Sorry, I’m currently implementing a metaclass. When a class implements Impl, it is meant to be redefine later in a program, but when someone redefine a class, it gives a warning, even though it is intended. So I’m currently trying to find a solution to this problem, of unintended warnings.

This feels like an odd design choice, and I’m not surprised to hear that standard checkers flag it as wrong. I’m not saying that there isn’t a reason you need to design things the way that you have, but at some point you’re so far from “normal” coding patterns that you probably just have to accept that standard linters and type checkers won’t be happy with your code…

7 Likes

True, I just wish we have decorators for linters and type checkers like typing.no_type_check that tells these tools that a certain behavior is intended, even how obscure it is.

I think you should redesign this. It’s extremely convoluted and I think poor design.

In Python, you should generally avoid metaclasses. They are hard to combine, and they’re hard to reason about.

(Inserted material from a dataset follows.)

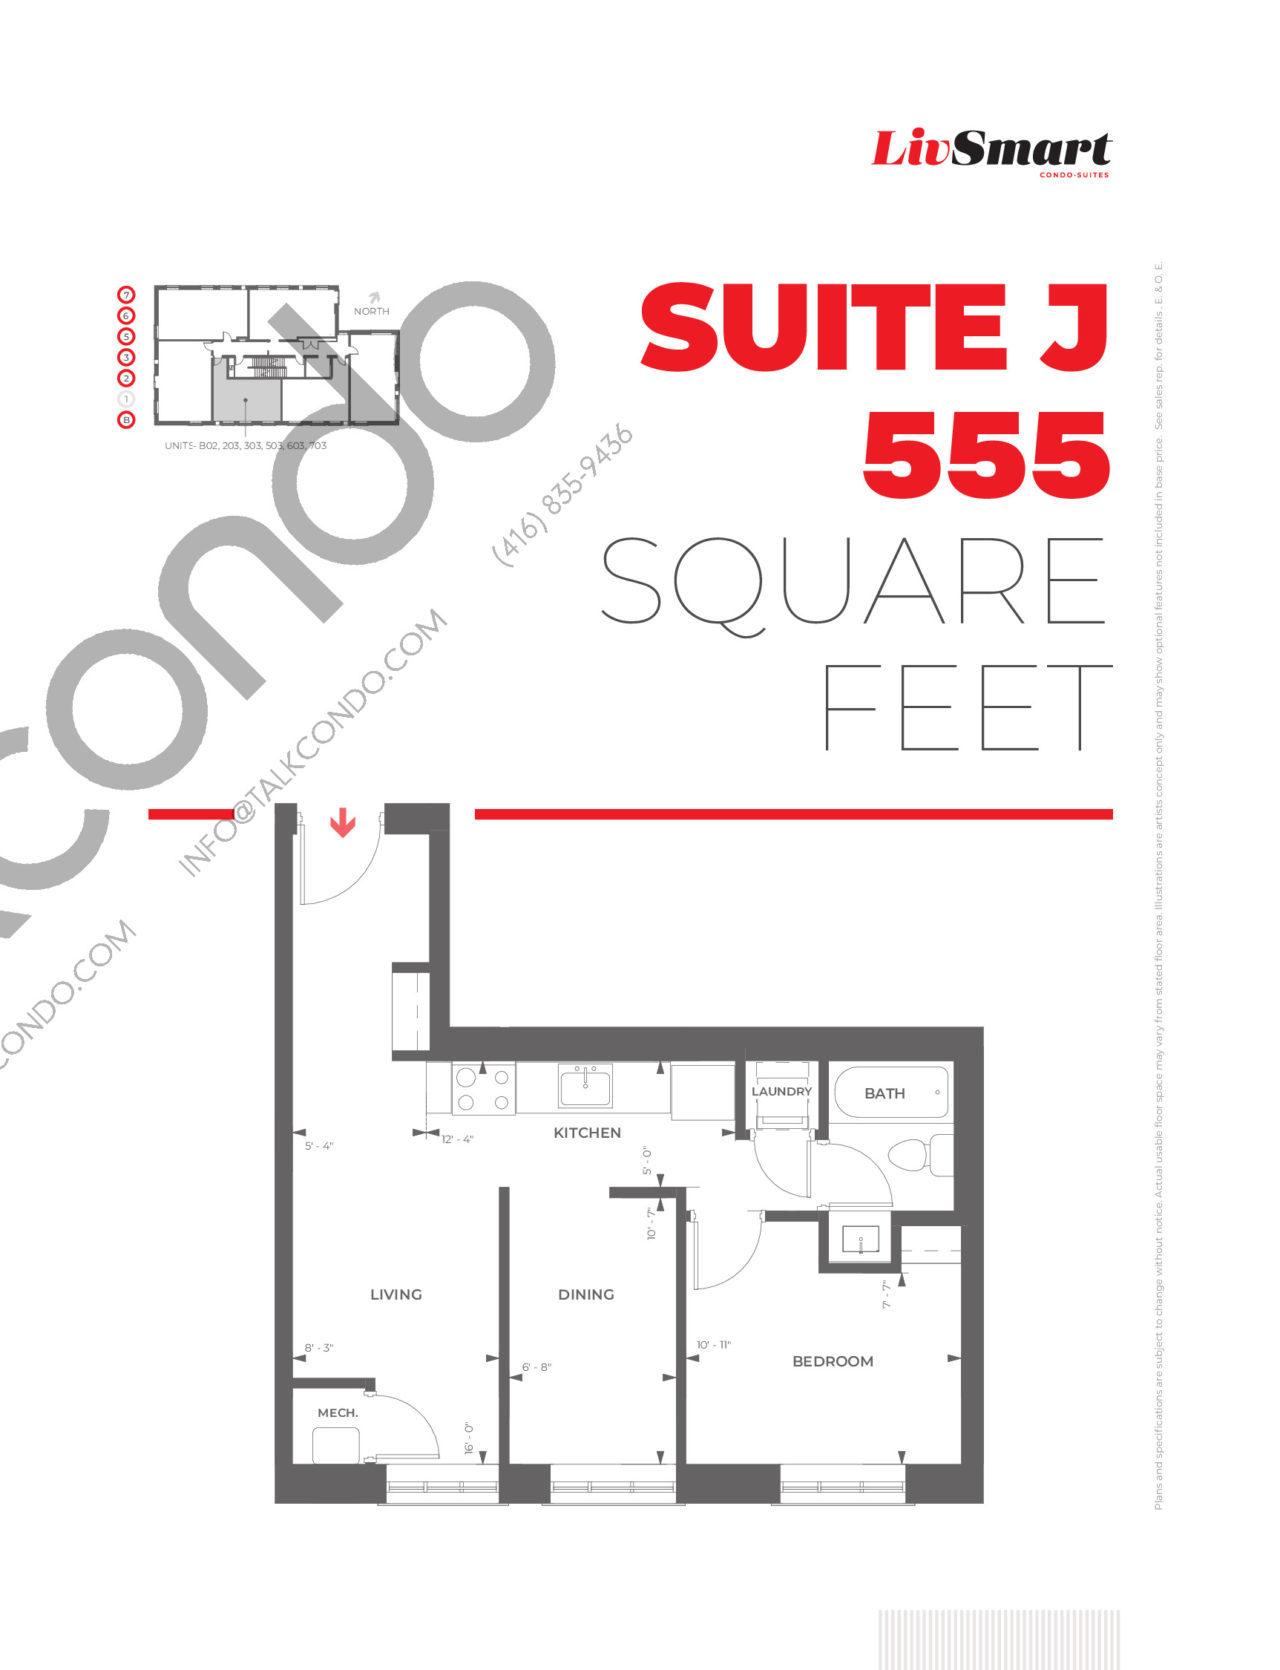 Suite J Floor Plan at LivSmart Condos - 555 sq.ft
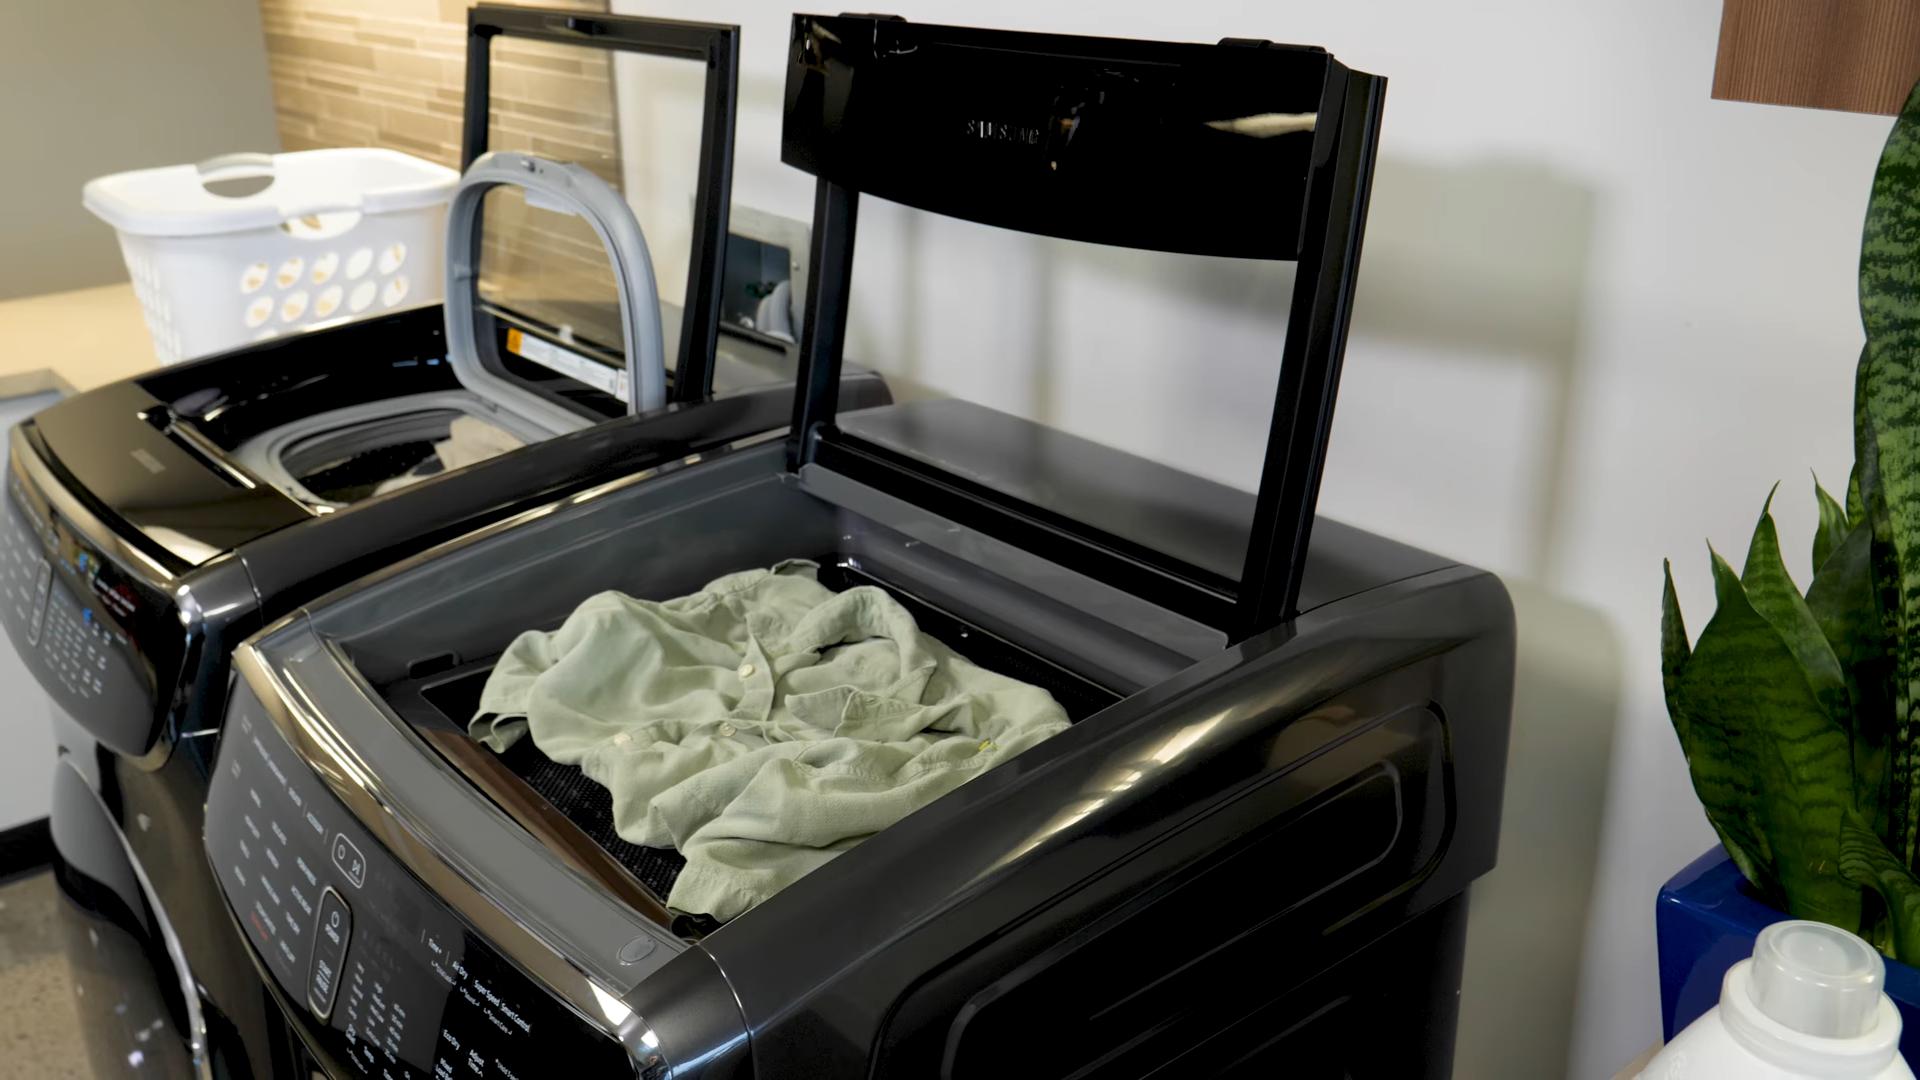 Ge Washing Machine Drain Hose Washing Machine Fill Hose Lg Top Loader Washing Machine In 2020 Washing Machine Drain Hose Washing Machine Black Hoover Washing Machine

Also, it’s better to build the registries explicitly rather than having them constructed magically on definition. Yes, I see that you’re trying to follow DRY, but you made your code really hard to understand.

I would just define your triplet, and add them to a global registry explicitly:

register(MyRuntime, MyImpl, MyTrait)

Yes, it’s one extra line per triplet, but it will be much more understandable and avoids metaclasses and redefinition.